August 25, 2006

All systems are real-time and need extra processing power

Real-time systems have much hype on them and as always need a special form of speech to cover the shortcuts. In case of real-time such speech is about "soft real-time".

The problem is - "hard real-time systems" (the ones that ALWAYS meet execution deadlines) are fiendishly difficult to build, especially on the mainstream hardware, using mainstream practices, for any kind of realistic load.

"Soft real-time" systems are thus not required to always meet execution deadlines, but rather have a probabilistic process imposed on them. Yes, it's bad if you fail to react in time, but it's still better if you react 3 ms late 40% of time than 10 ms late 10% of time (depends on the application of course).

But then, aren't all systems real-time ? After all, noone needs a system which never finishes processing, and it's better doing it sooner than later. Systems may have more or less relaxed requirements, but it's the same probabilistic process, for example 90% of users would wait 5 seconds for a transaction to complete, but only 10% wouldn't be calling tech support upon a 30 seconds delay.

Look closely at the word "real-time" itself.
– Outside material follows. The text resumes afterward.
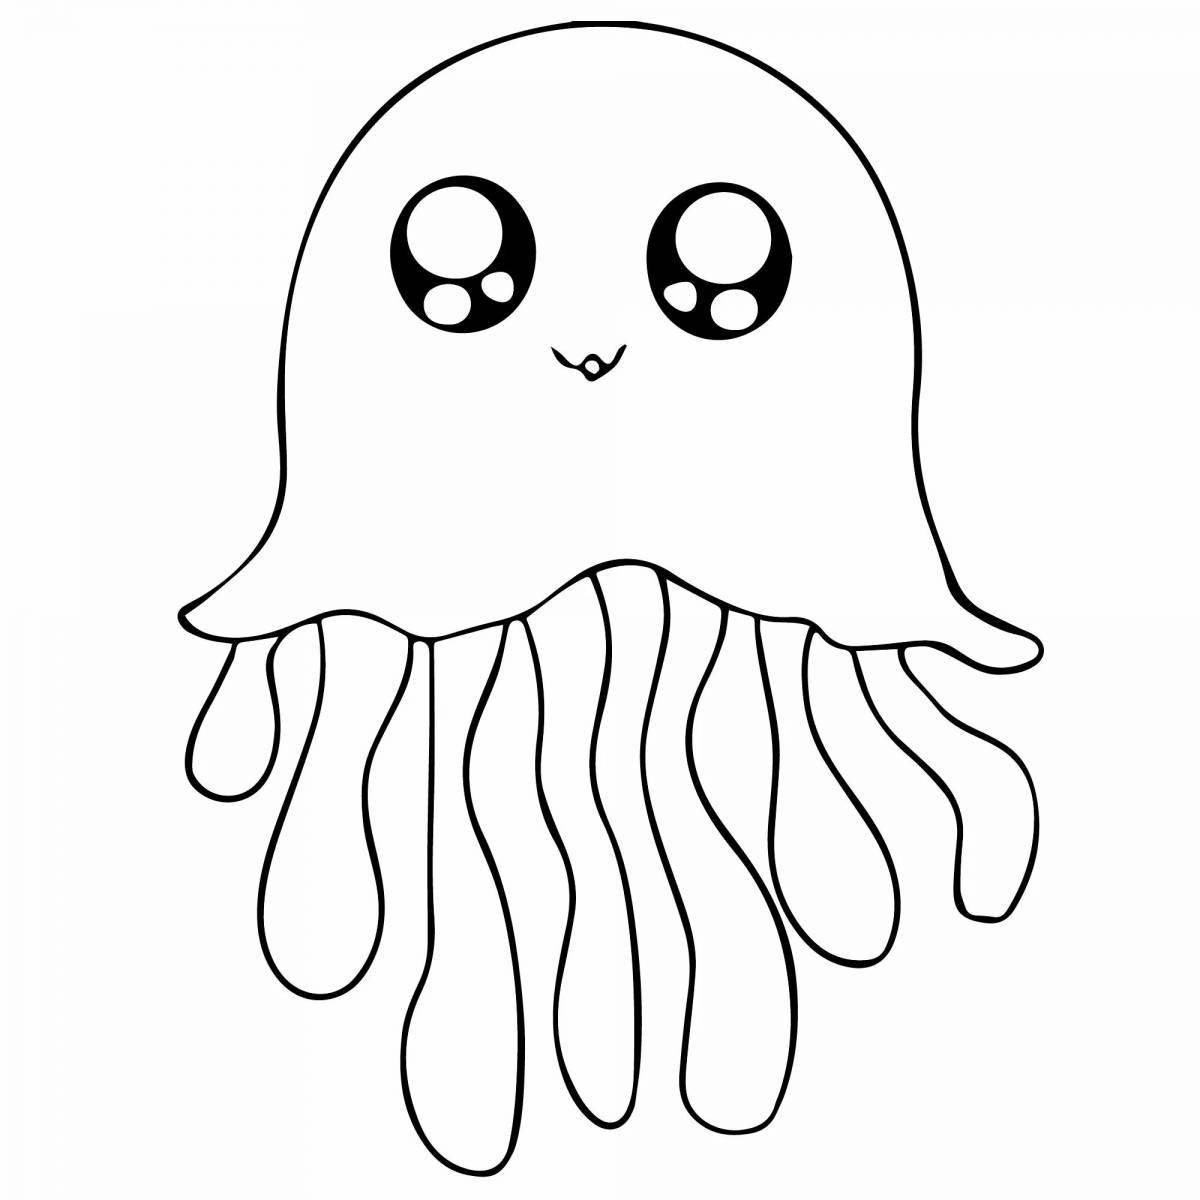 Merry jellyfish coloring book for kids

Everything is executed in real time, all processes have references to time flowing by, executions have starts and stops and whether or not they've been a success is determined by an external entity (a user in most cases) and timing is not the last criteria.

Anyhow, I'd like to point out one other thing. There is this theorem which says that for a real-time system to meet its deadlines under certain conditions, it must have a significant fraction of CPU processing power free. If I remember correctly, the exact top load percentage is around 70%, which means that if the CPU is busy more than that, the system starts missing deadlines.

If this result is blindly (or philosophically) applied to all the systems, it leads to an interesting conclusion - no system should be functioning under stress load (perhaps above the mentioned 70% CPU), otherwise it starts slipping behind the schedule and, being real-time, degrades its service significantly.

It would thus be a mistake to believe that an application quality of service would remain steady across all of the CPU load scale. Instead, as CPU usage climbs up to 70%, the application may scale perfectly linearly, but as the load keeps rising, the scaling breaks. It's therefore more safe to consider 70% to be the top acceptable load and start adding more processing power as this line is crossed.